Our New Mexico passage was only a two day affair and the next day our travels took us into Texas which was going to be an altogether longer tarmac/tyre rubber relationship. The I-10 just continued on, and on, and on, through a flat dusty landscape, the road full of trucks and RVs. Everyone going somewhere, for some reason. Texas really is an enormous state. To put this into context: Texas is about 270,000 miles squared in area. The UK and NZ are about 95,000 and 105,000 miles squared respectively. Massive. We crossed the border from New Mexico and pretty quickly found ourselves charging along the urban hell highway through El Paso. This is a border town which is very ‘up close and personal’ with its close Mexican neighbour, Ciudad Juárez, which is just across the Rio Grande. The historically open and friendly relationship between the two cities has soured in recent times as gang and drug-related violence in Juárez has made it so dangerous that now there is very little traffic between the two cities.
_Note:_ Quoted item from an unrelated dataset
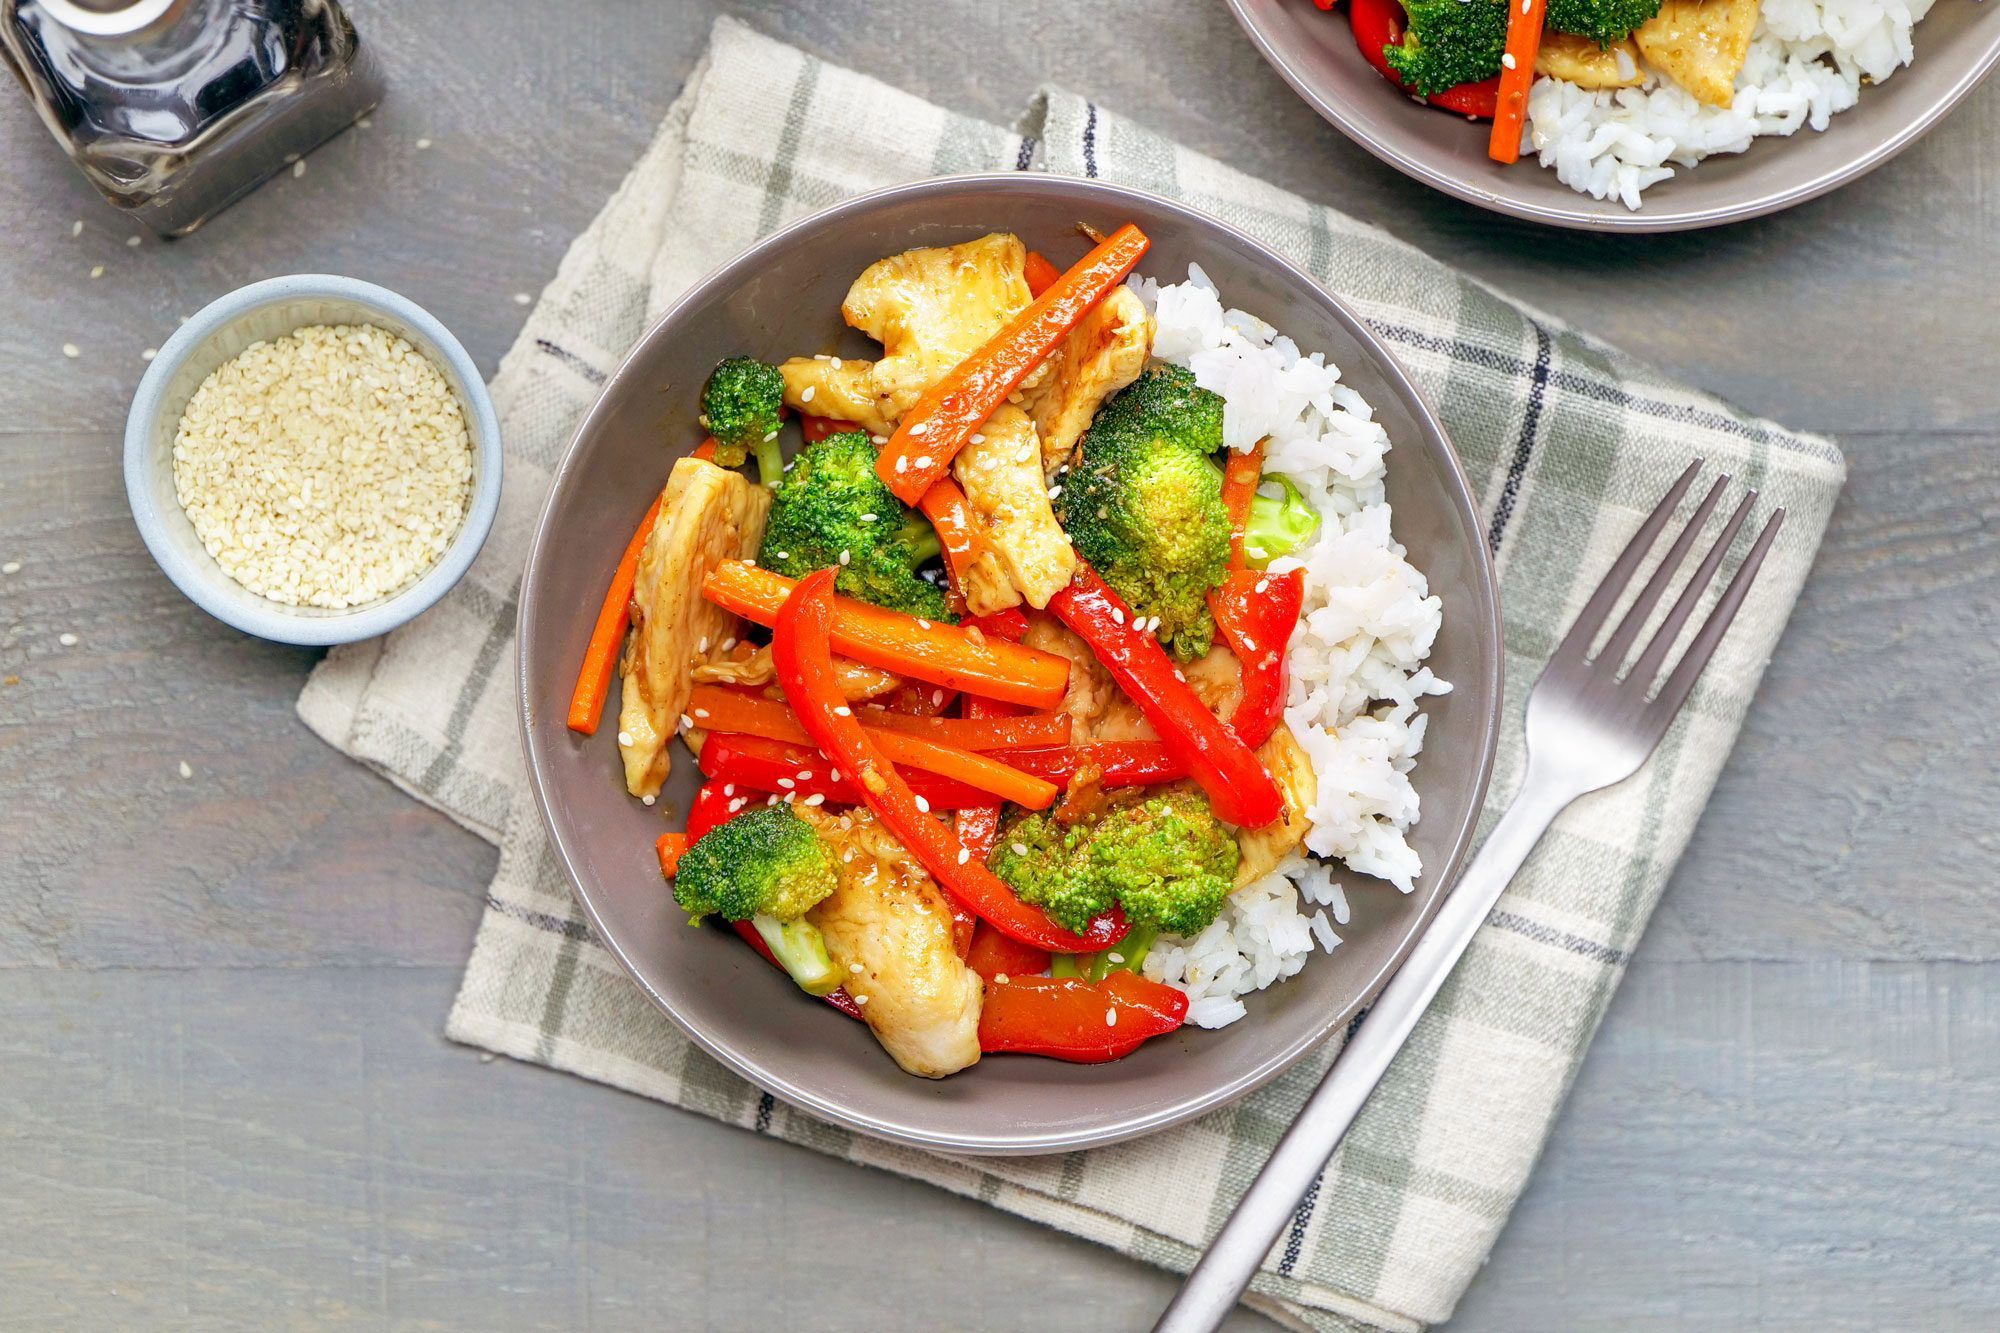 How to Make a Simple Chicken Stir-Fry

Driving through on I-10 it was easy to see the border wall and the disparity of living standards. El Paso, although is in Texas, is in the Mountain Time Zone along with New Mexico and Arizona, and Central Time Zone didn’t begin until we were through the city and well out the other side. We stopped for fuel and sandwiches at a dubious and dusty petrol station with only one functioning pump and then pushed on.
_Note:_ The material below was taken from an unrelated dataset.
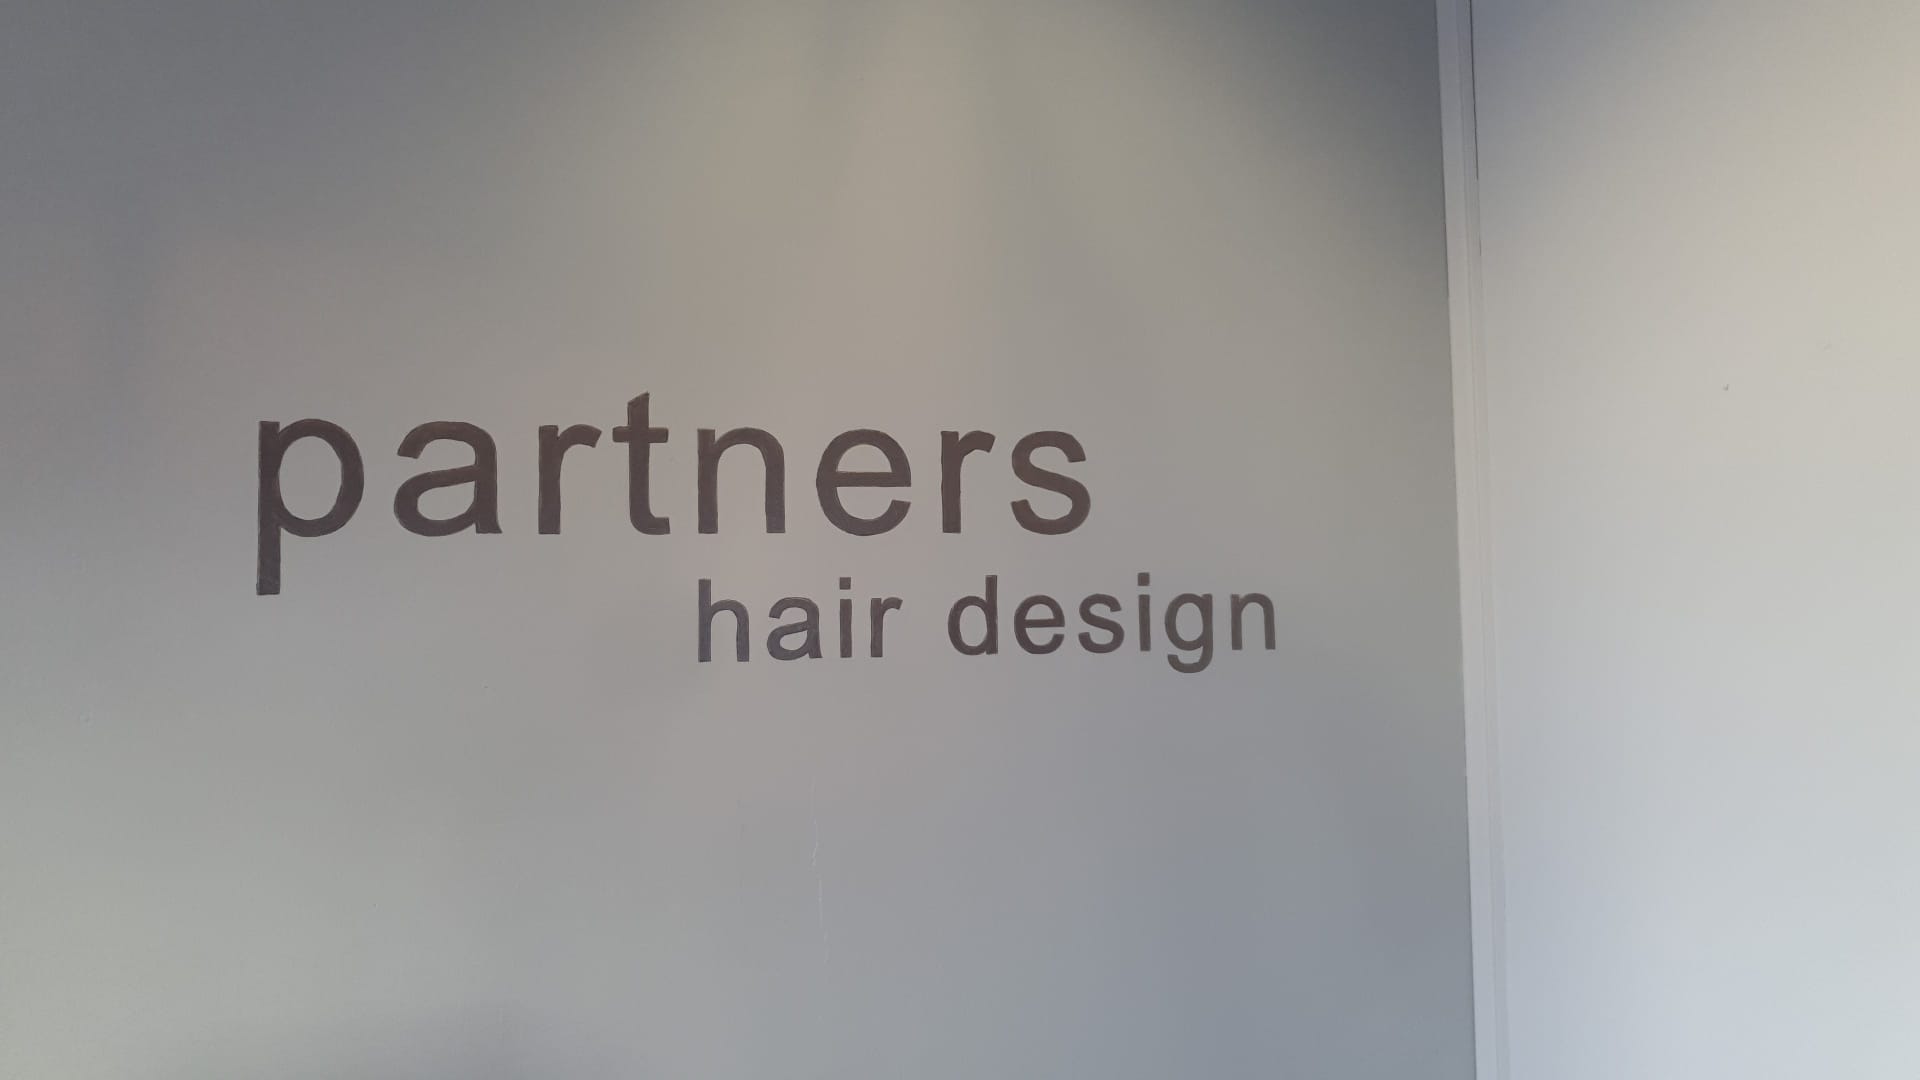 You can book your haircut with Partners Hair Design

This next section of road was quite remarkable in the story of this journey so far because…wait for it….I was allowed to drive! Nick does all the driving generally because a) he loves it, b) he is very good at it, c) he is a terrible passenger, d) we rarely travel far enough in one day to warrant me driving too. But I am very conscious that I need to be able to confidently drive Big D, especially if the situation might arise in times of stress, so every now and then I wrestle the driving seat away from his highness and refresh my skills. I am brilliant too.
Our first Texas stop was the third of three single-nighters in a place called Van Horn. It is a modest sized place named for a Lt. James Judson Van Horn who commanded a garrison here in 1859 (which was taken only two years later by Confederate forces.) Its future was cemented by the arrival of the railroad in 1881. It is now probably best known as the site of Jeff Bezos’ Blue Origin space tourism company, which is located on a 290,000 tract of land only 25 miles north of the city. Van Horn also provided the inspiration for the 2019 titular song by alternative rock band Saint Motel.
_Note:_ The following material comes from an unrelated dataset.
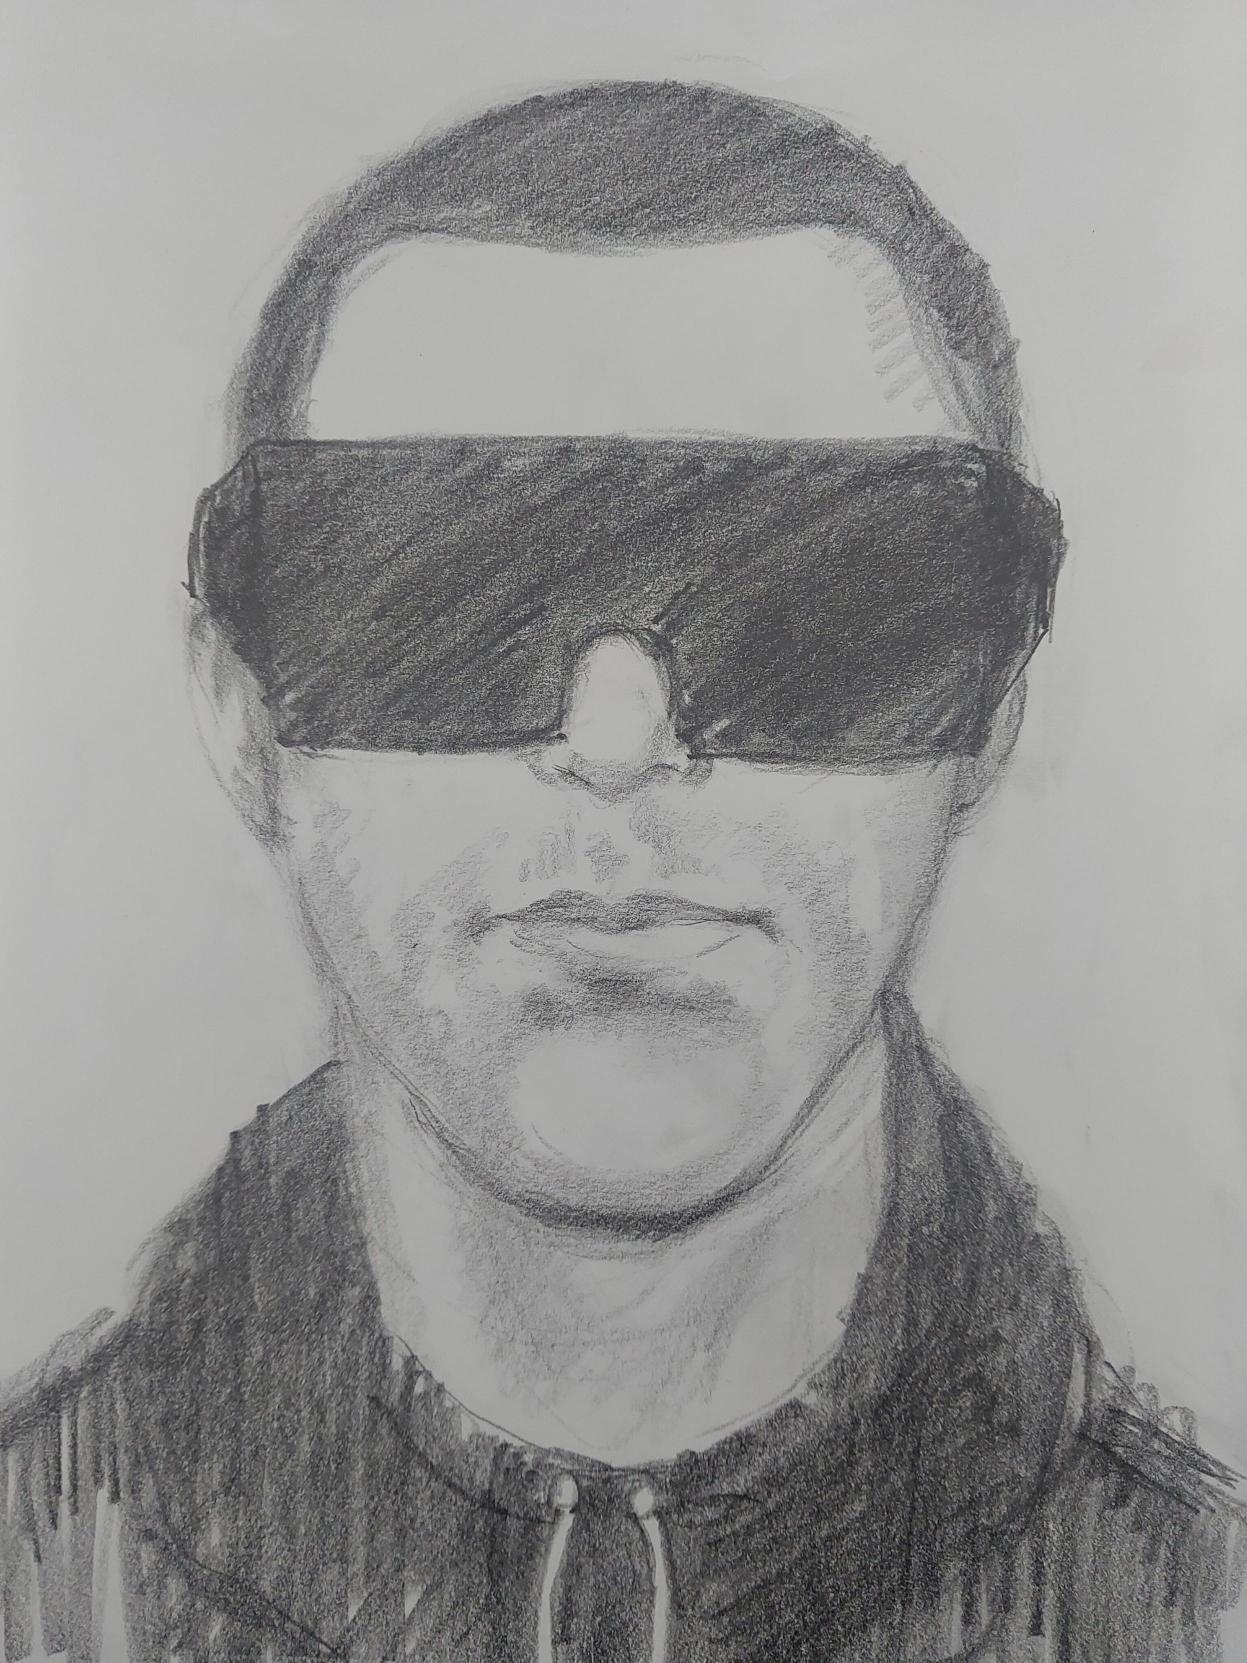 Derbyshire Constabulary have released a sketch of a man they would like to talk to as part of an investigation into a sexual assault in Swanwick on Father's Day 2022

The next morning we parted company with the I-10 and headed off South-West on US 90 into the even more remote desert yonder towards a very unusual town called Marfa.
Belated Happy New year to you both. Big Dave keeps eating up the miles while you provide an endless tale of fun and experience which any of us are likely fulfil for our selves. Well written , looking forward to the next episode and to seeing you both when you return to Oswestry. Eric and Jeni.